我这里使用https://github.com/twitter/hadoop-lzo
使用SVN从https://github.com/twitter/hadoop-lzo/trunk下载代码,修改pom.xml文件中的一部分。
从:
<properties> <project.build.sourceEncoding>UTF-8</project.build.sourceEncoding> <hadoop.current.version>2.1.0-beta</hadoop.current.version> <hadoop.old.version>1.0.4</hadoop.old.version> </properties>
<properties> <project.build.sourceEncoding>UTF-8</project.build.sourceEncoding> <hadoop.current.version>2.2.0</hadoop.current.version> <hadoop.old.version>1.0.4</hadoop.old.version> </properties>
mvn clean package -Dmaven.test.skip=true tar -cBf - -C target/native/Linux-amd64-64/lib . | tar -xBvf - -C /home/hadoop/hadoop-2.2.0/lib/native/ cp target/hadoop-lzo-0.4.20-SNAPSHOT.jar /home/hadoop/hadoop-2.2.0/share/hadoop/common/接下来就是将 /home/hadoop/hadoop-2.2.0/share/hadoop/common/hadoop-lzo-0.4.20-SNAPSHOT.jar以及/home/hadoop/hadoop-2.2.0/lib/native/ 同步到其它所有的hadoop节点。
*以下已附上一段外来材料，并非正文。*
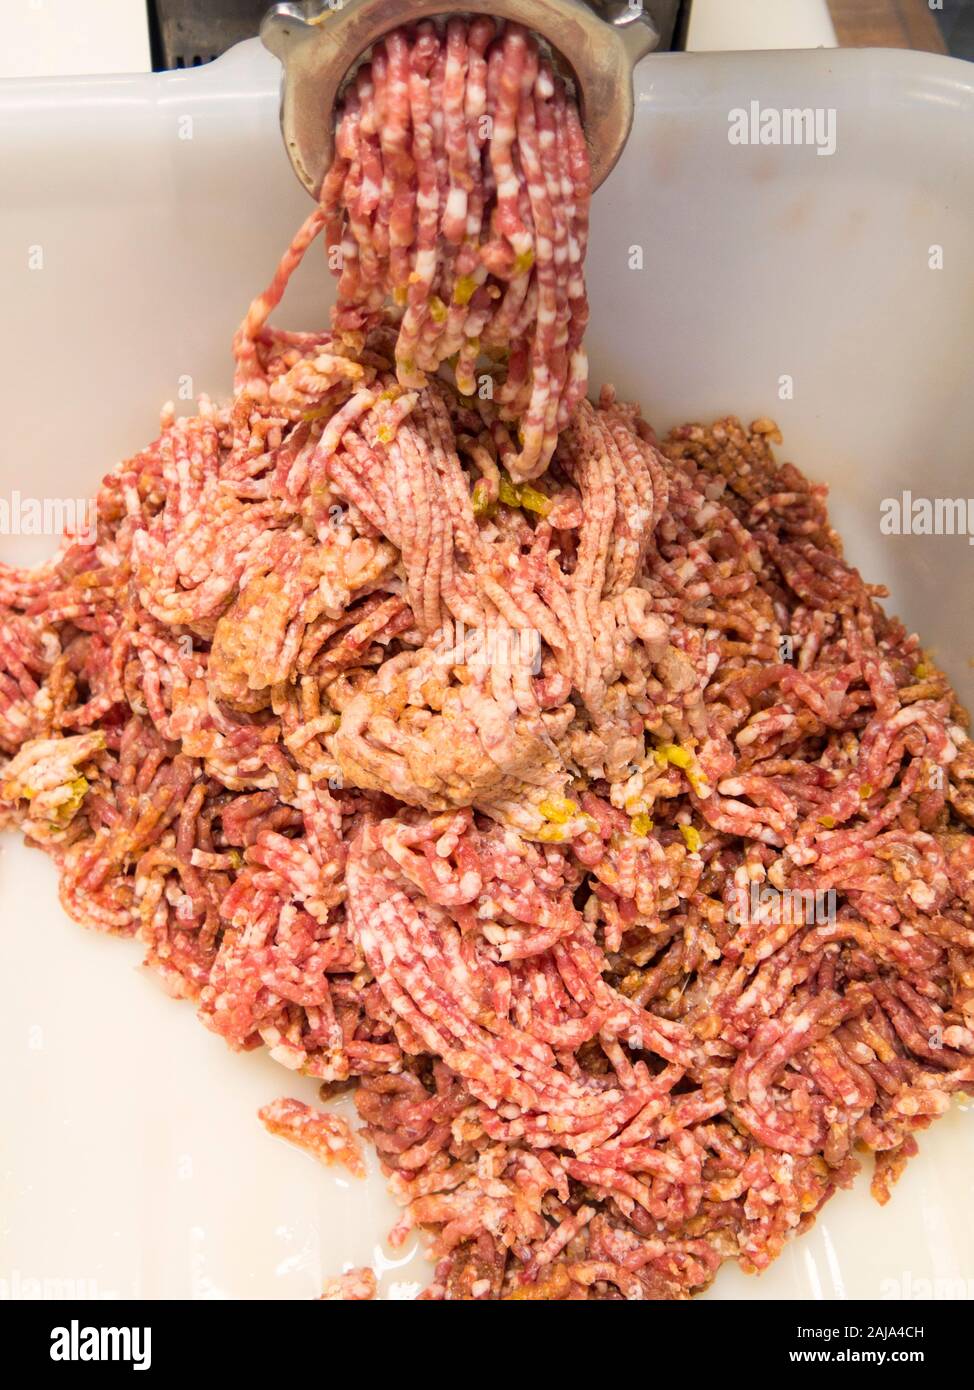 Minced Meat Coming Out From Grinder Healthy Homemade Minced Meat Dark  Background Horizontal View Photo Place For Copyspace Stock Photo - Download  Image Now - iStock
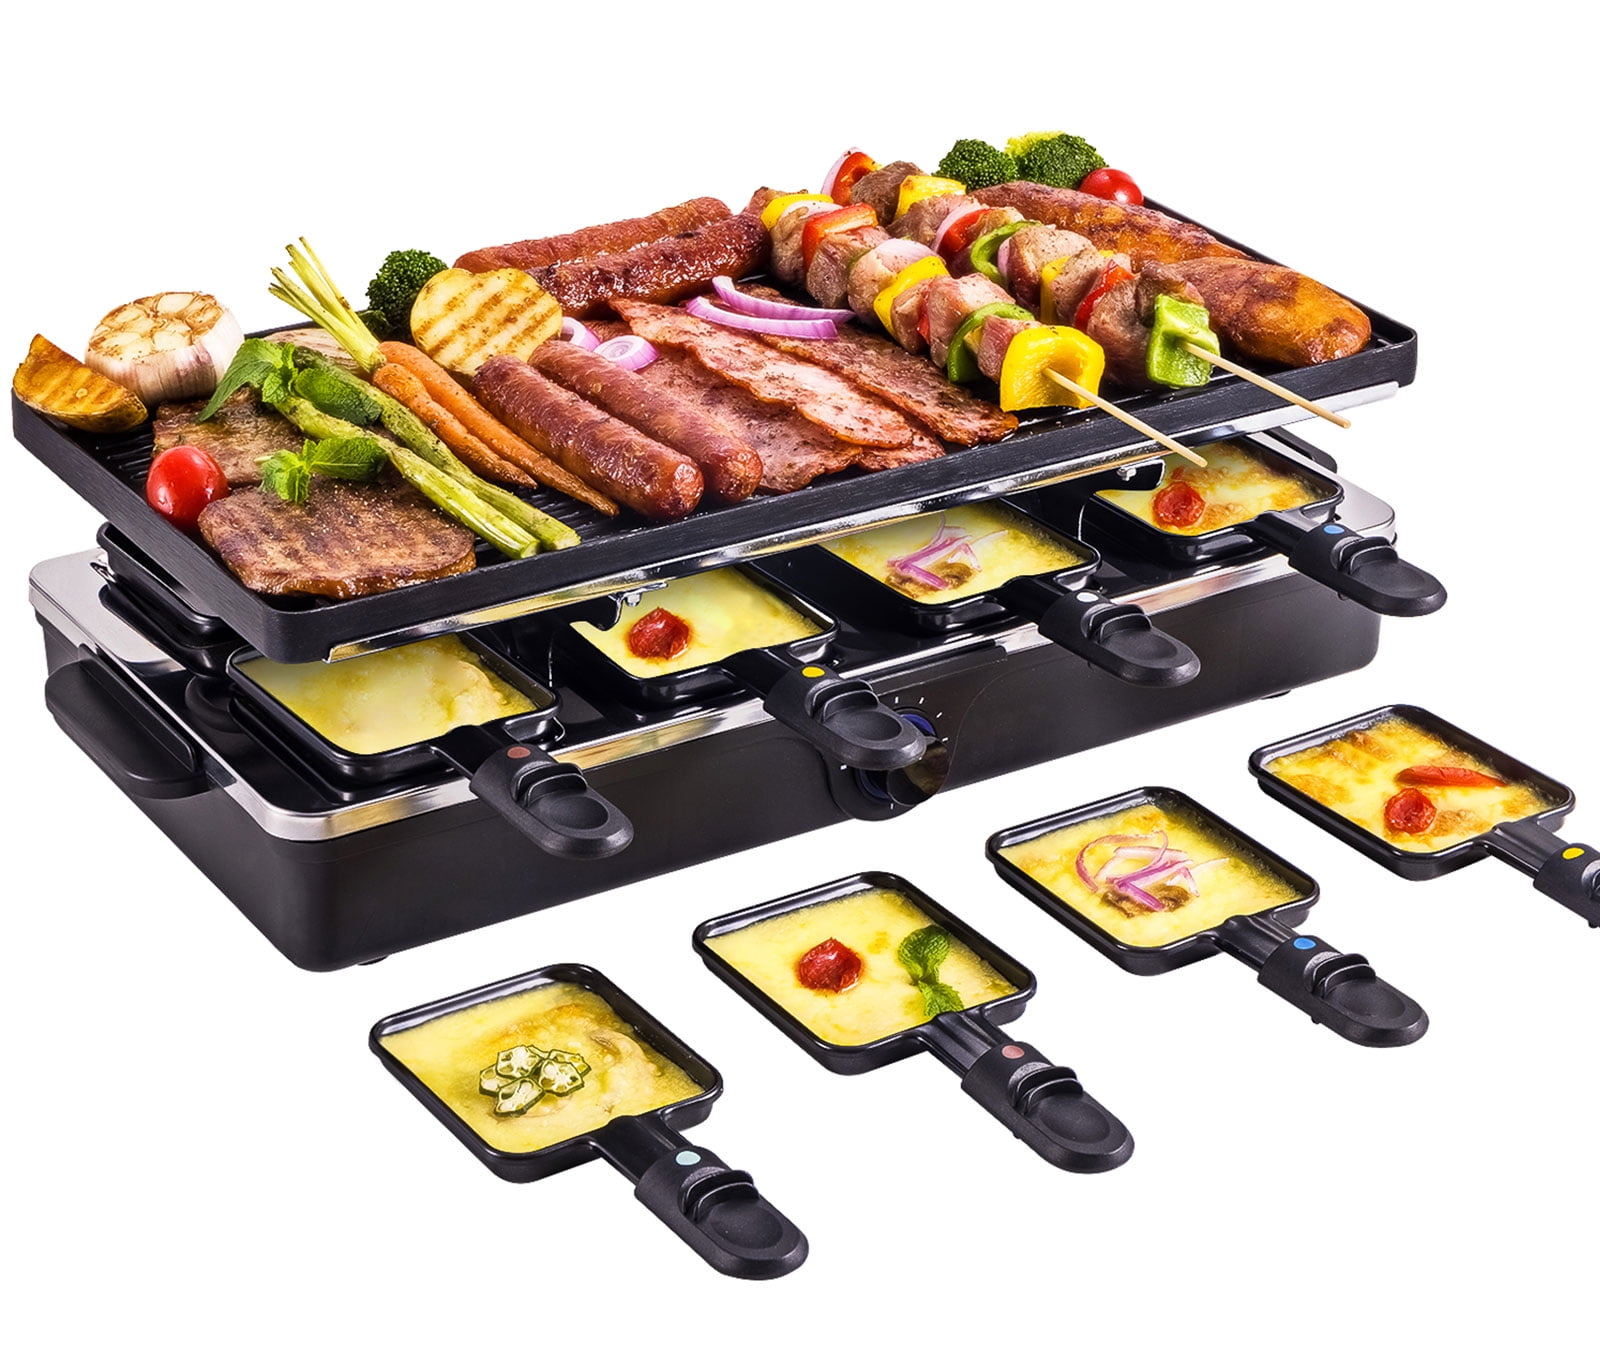  2 IN 1 Dual Raclette Grills 8-Person Baking Tray, Indoor  Electric, with Non-Stick Grilling Plat & Cooking Stone, 1300W, for Korean  BBQ- Melt Cheese, Cook Meat & Veggies at Once,Black

注意,要保证目录/home/hadoop/hadoop-2.2.0/lib/native/ 下的jar包,你运行hadoop的用户都有执行权限。 (6)配置Hadoop
在文件$HADOOP_HOME/etc/hadoop/hadoop-env.sh中追加如下内容:
export LD_LIBRARY_PATH=/usr/local/hadoop/lzo/lib
在文件$HADOOP_HOME/etc/hadoop/core-site.xml中追加如下内容:
<property> <name>io.compression.codecs</name> <value>org.apache.hadoop.io.compress.GzipCodec, org.apache.hadoop.io.compress.DefaultCodec, com.hadoop.compression.lzo.LzoCodec, com.hadoop.compression.lzo.LzopCodec, org.apache.hadoop.io.compress.BZip2Codec </value> </property> <property> <name>io.compression.codec.lzo.class</name> <value>com.hadoop.compression.lzo.LzoCodec</value> </property>
在文件$HADOOP_HOME/etc/hadoop/mapred-site.xml中追加如下内容:
<property> <name>mapred.compress.map.output</name> <value>true</value> </property> <property> <name>mapred.map.output.compression.codec</name> <value>com.hadoop.compression.lzo.LzoCodec</value> </property> <property> <name>mapred.child.env</name> <value>LD_LIBRARY_PATH=/usr/local/hadoop/lzo/lib</value> </property>
A:首先创建nginx_lzo的表
CREATE TABLE logs_app_nginx ( ip STRING, user STRING, time STRING, request STRING, status STRING, size STRING, rt STRING, referer STRING, agent STRING, forwarded String ) partitioned by ( date string, host string ) row format delimited fields terminated by '\t' STORED AS INPUTFORMAT "com.hadoop.mapred.DeprecatedLzoTextInputFormat" OUTPUTFORMAT "org.apache.hadoop.hive.ql.io.HiveIgnoreKeyTextOutputFormat";B:导入数据
LOAD DATA Local INPATH '/home/hadoop/data/access_20131230_25.log.lzo' INTO TABLE logs_app_nginx PARTITION(date=20131229,host=25);/home/hadoop/data/access_20131219.log文件的格式如下:
221.207.93.109 - [23/Dec/2013:23:22:38 +0800] "GET /ClientGetResourceDetail.action?id=318880&token=Ocm HTTP/1.1" 200 199 0.008 "xxx.com" "Android4.1.2/LENOVO/Lenovo A706/ch_lenovo/80" "-"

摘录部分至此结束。